## DATASET EXTRACT
• • • • •

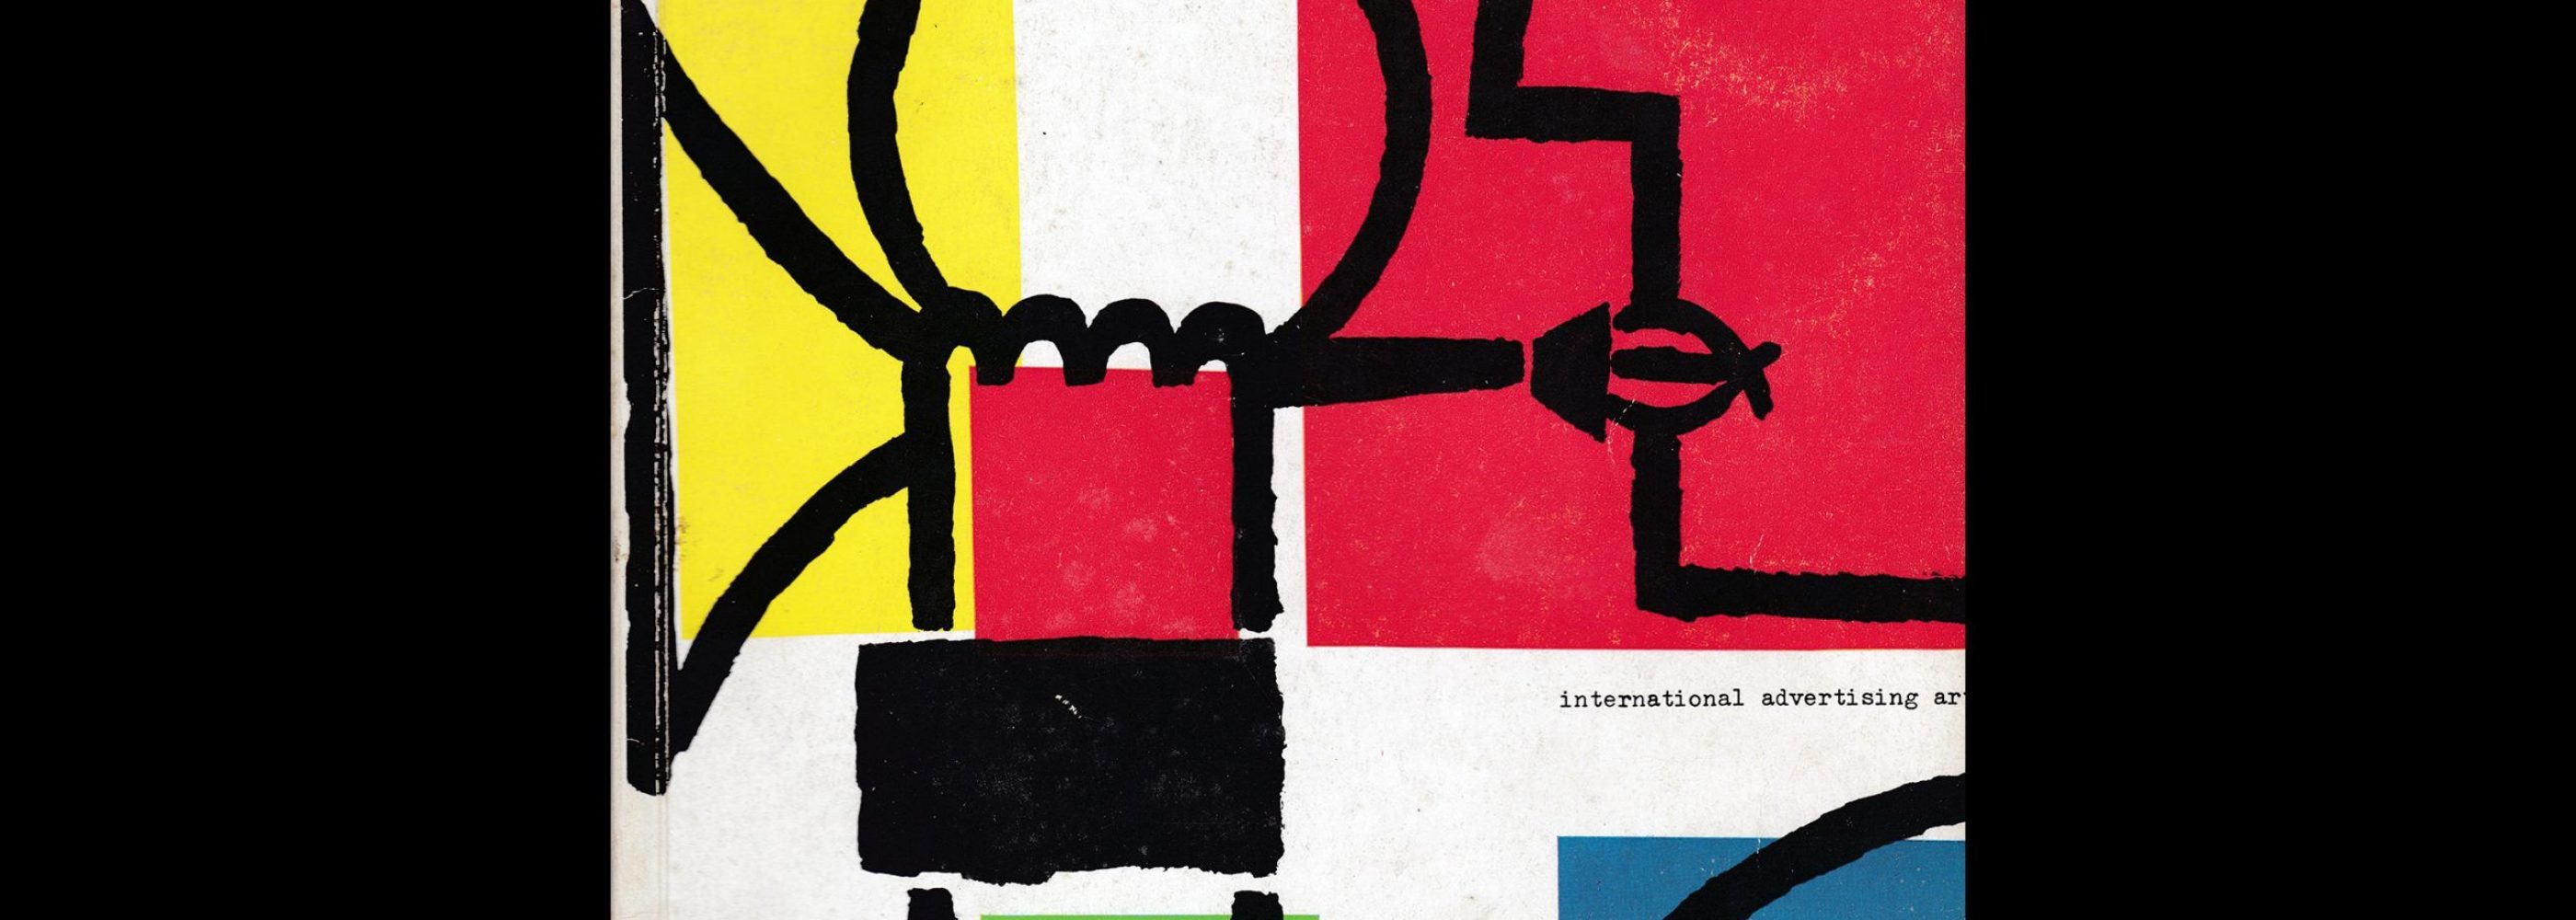 Gebrauchsgraphik, 10, 1957 cover by Felix Müller and Karl Oskar Blase (Muller-Blase)
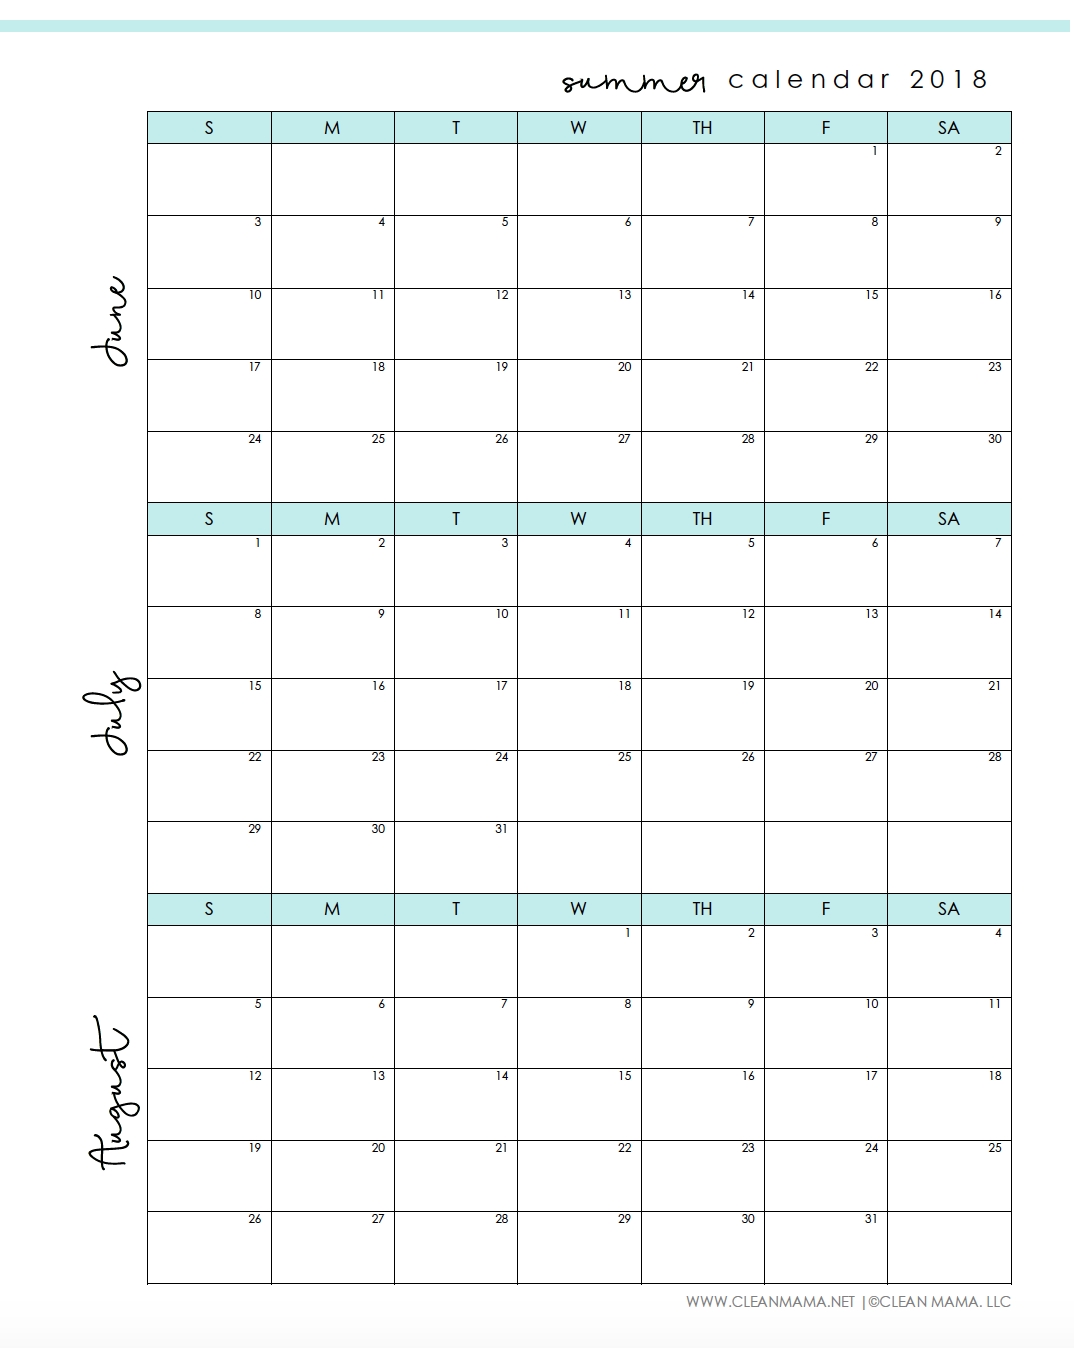 Free Printable : Summer 2018 Calendar - Clean Mama with regard to Blank 12 Month Seasonal Calendar
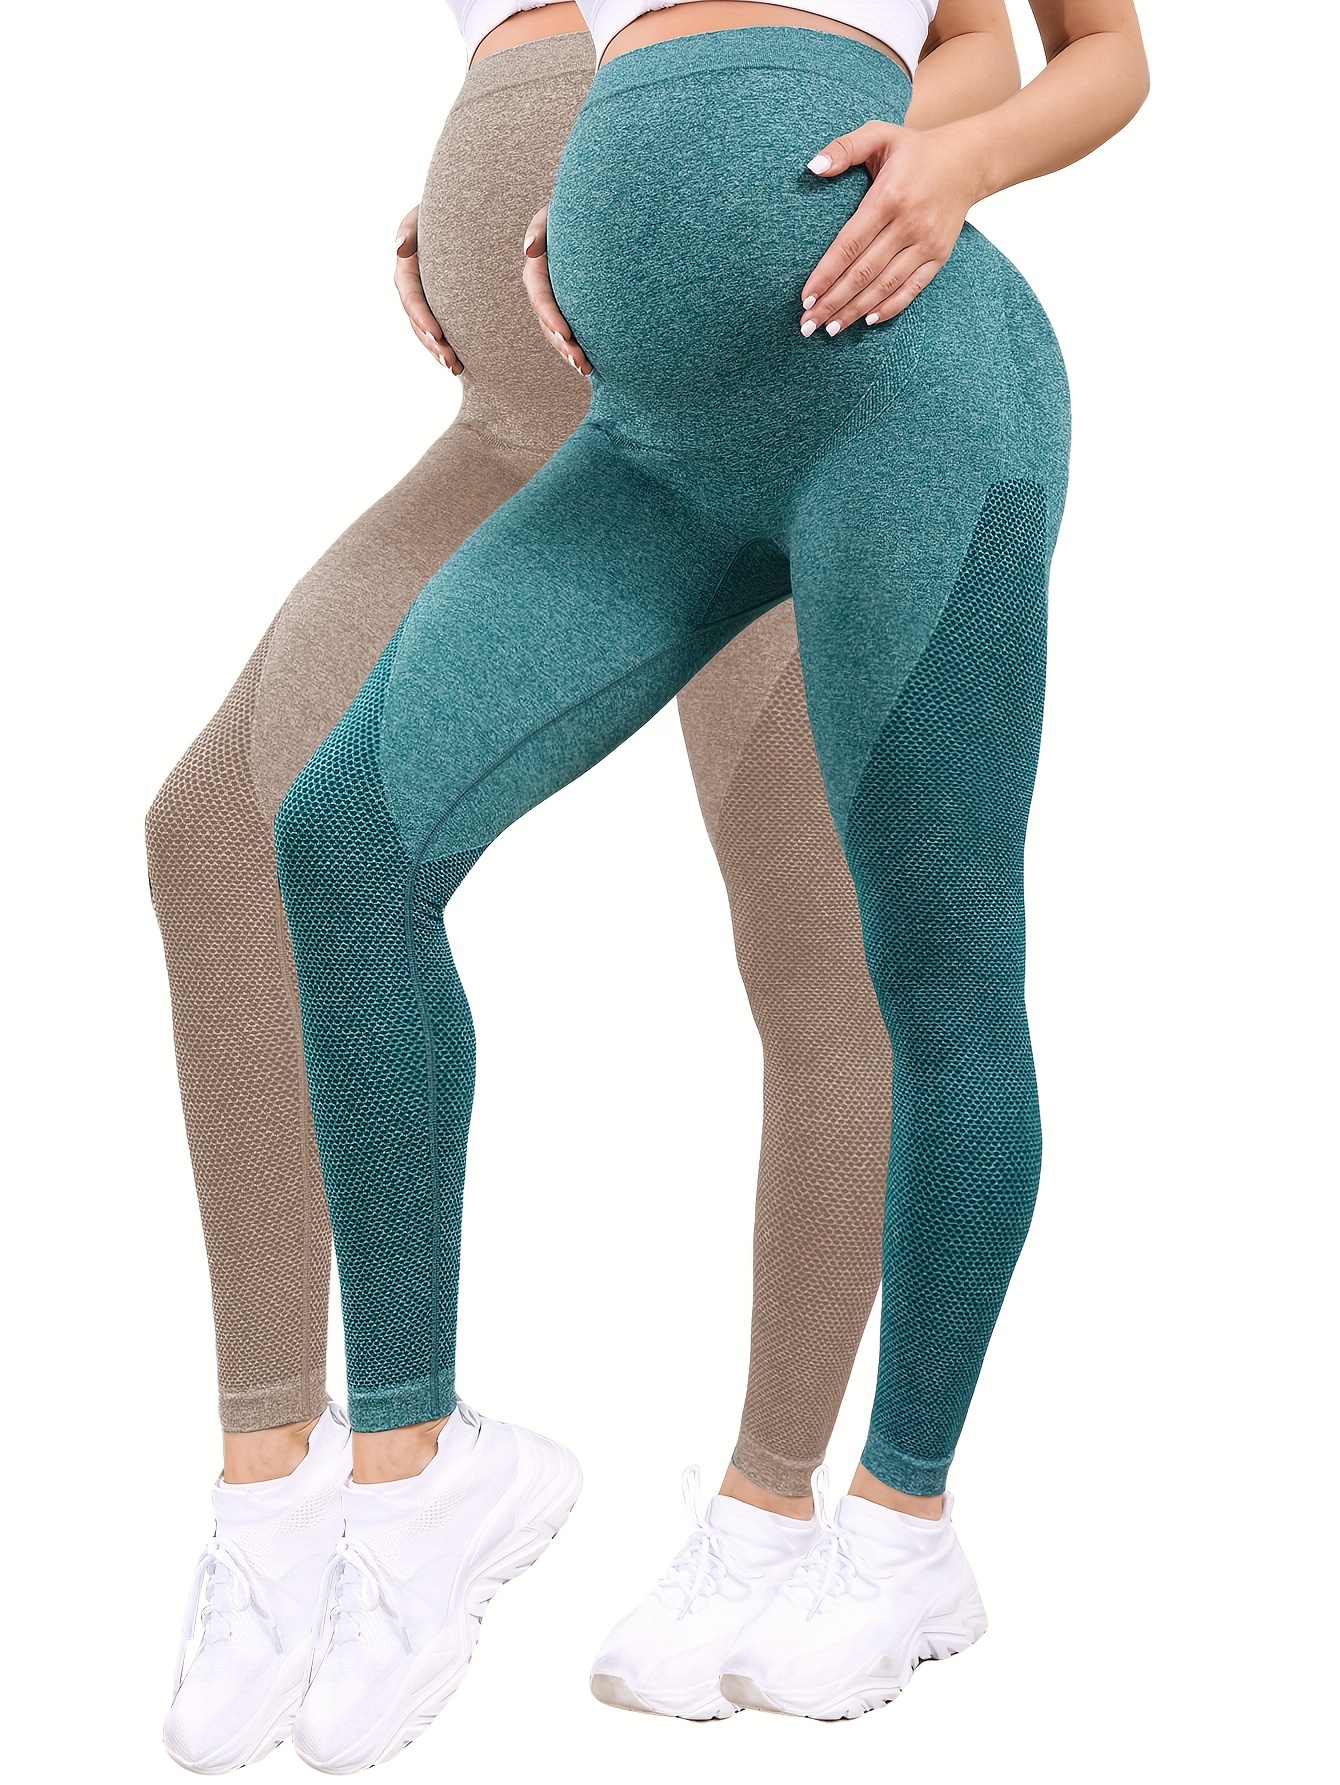 skpabo Leisure trousers for pregnant women, maternity leggings, pregnancy  trousers, comfortable stretch jogging bottoms

• • • • •

## WHAT YOU HAVE TO DO
Strip the images and return the remaining data exactly.

## TASK SOLUTION
 Gebrauchsgraphik, 10, 1957 cover by Felix Müller and Karl Oskar Blase (Muller-Blase)
 Free Printable : Summer 2018 Calendar - Clean Mama with regard to Blank 12 Month Seasonal Calendar
 skpabo Leisure trousers for pregnant women, maternity leggings, pregnancy  trousers, comfortable stretch jogging bottoms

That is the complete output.